I know that the Sanford range in Manitoba has them and a lot of them. They do have covers to put over them when not in use but the are out most of the year.
From what i have seen they stand up very good. As soon as i can get to the city i will be getting one. Cant beat the price and warranty.


----------



## XCalibre (Aug 31, 2006)

my club is planning on switching to Bulldog targets for our indoor range sometime in the next few months. i've shot on Bulldogs at last years National Field Championships, and i quite liked them.


----------



## Tax Lawyer (Feb 5, 2003)

I have the Range Dog and arrow removal is okay at best. That is my only complaint.


----------



## bow slayer (Apr 2, 2007)

Tax Lawyer said:


> I have the Range Dog and arrow removal is okay at best. That is my only complaint.


once you wear it out a little, removal is probably the easiest there is. The only thing is, it has some break-in time.


----------



## Tax Lawyer (Feb 5, 2003)

bow slayer said:


> once you wear it out a little, removal is probably the easiest there is. The only thing is, it has some break-in time.


That is good to know......I was a little disappointed.


----------



## NockOn (Feb 24, 2003)

If you points are bigger then your arrows, it will make the pulling of arrows a little harder as well. I had this problem and got my points shaved down to match the shaft exactly and what a big difference it made.

Cheers,


----------



## lastcall21 (Jun 27, 2007)

I just bought one yesterday,,,haven't tried it yet, but good to know about the points ...I may have to do some shaving.


----------



## Bowzone_Mikey (Dec 11, 2003)

I have an FP .... use it daily ... some points sticking out the other side ... just turn it around and shoot the other side for a while ..... 

a full year of shooting it constantly and its held up pretty darn fine


----------



## Twisted Canuck (Feb 13, 2006)

Tax Lawyer said:


> I have the Range Dog and arrow removal is okay at best. That is my only complaint.


I've shot them a fair bit at a range as well, and this was also my only complaint. I shoot 'easy pull' field tips, diameter is larger than arrow shaft which makes them easier to pull from foam...but a real pain with the bulldogs. Had to yank on em. 

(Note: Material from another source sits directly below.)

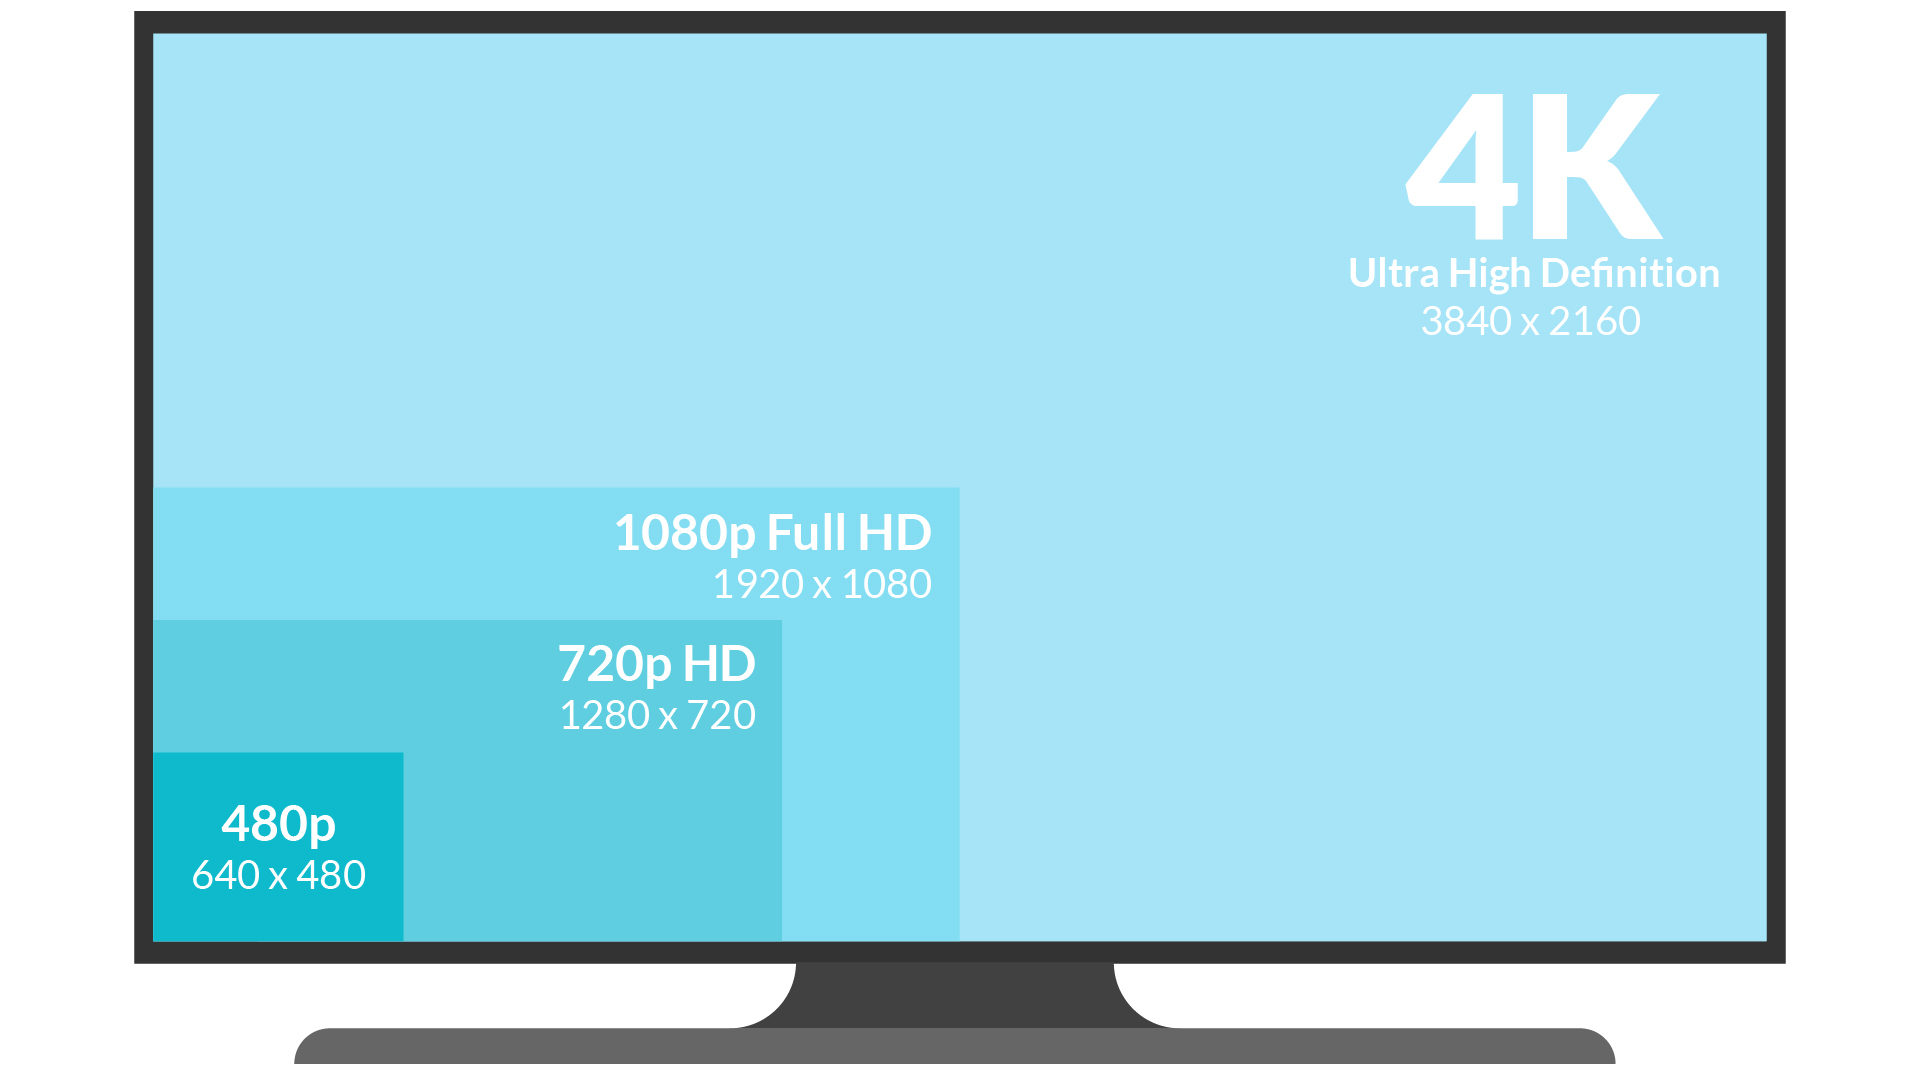 4K vs 1080p vs 720p vs 480p resolution scaling comparison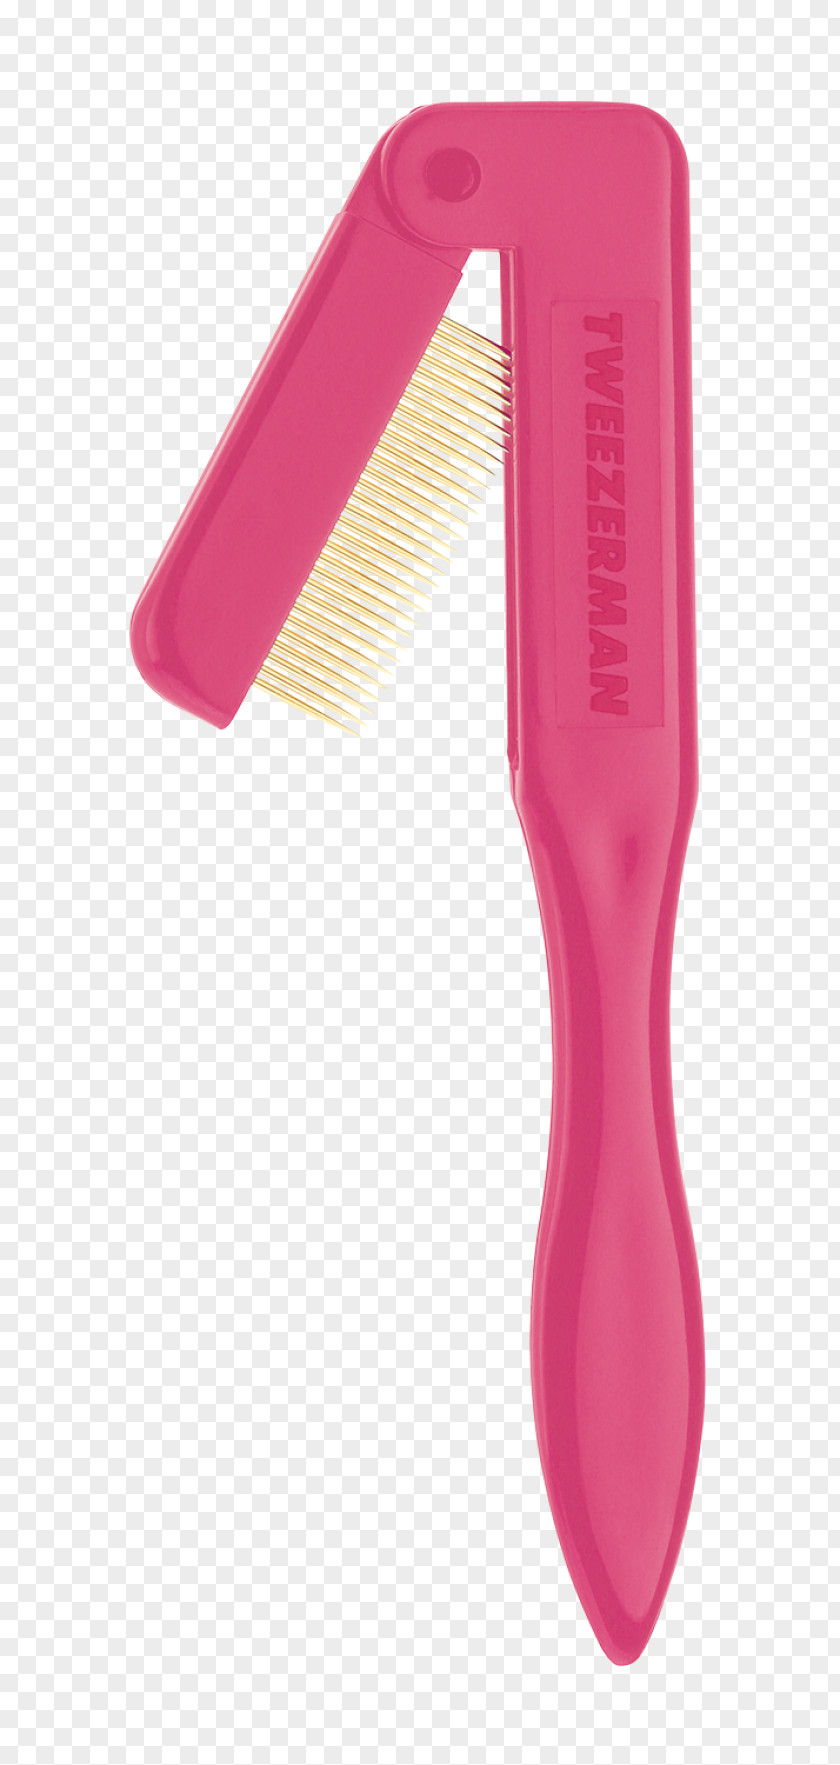 Comb Over Hairstyle Products Tweezerman Folding Ilashcomb Eyelash Lashes By Eye Lash PNG

Changing points would solve the problem, though, and they stand up to the shots really well over a long period.

I've been shooting my Hips target for years now, and finally had to replace the foam core, after using practice broadheads on it. I still really like it....


----------



## Engine10 (Sep 6, 2007)

I've got one and quite like it, delivered to the house with free shipping and lifetime warranty, Made in Canada, easy arrow removal and it appears to be standing up well, what's not to like. It's outside under an overhang roof with my round bales, they make a great backstop.
Had a Block before and theres not much stopping ability left in it.


----------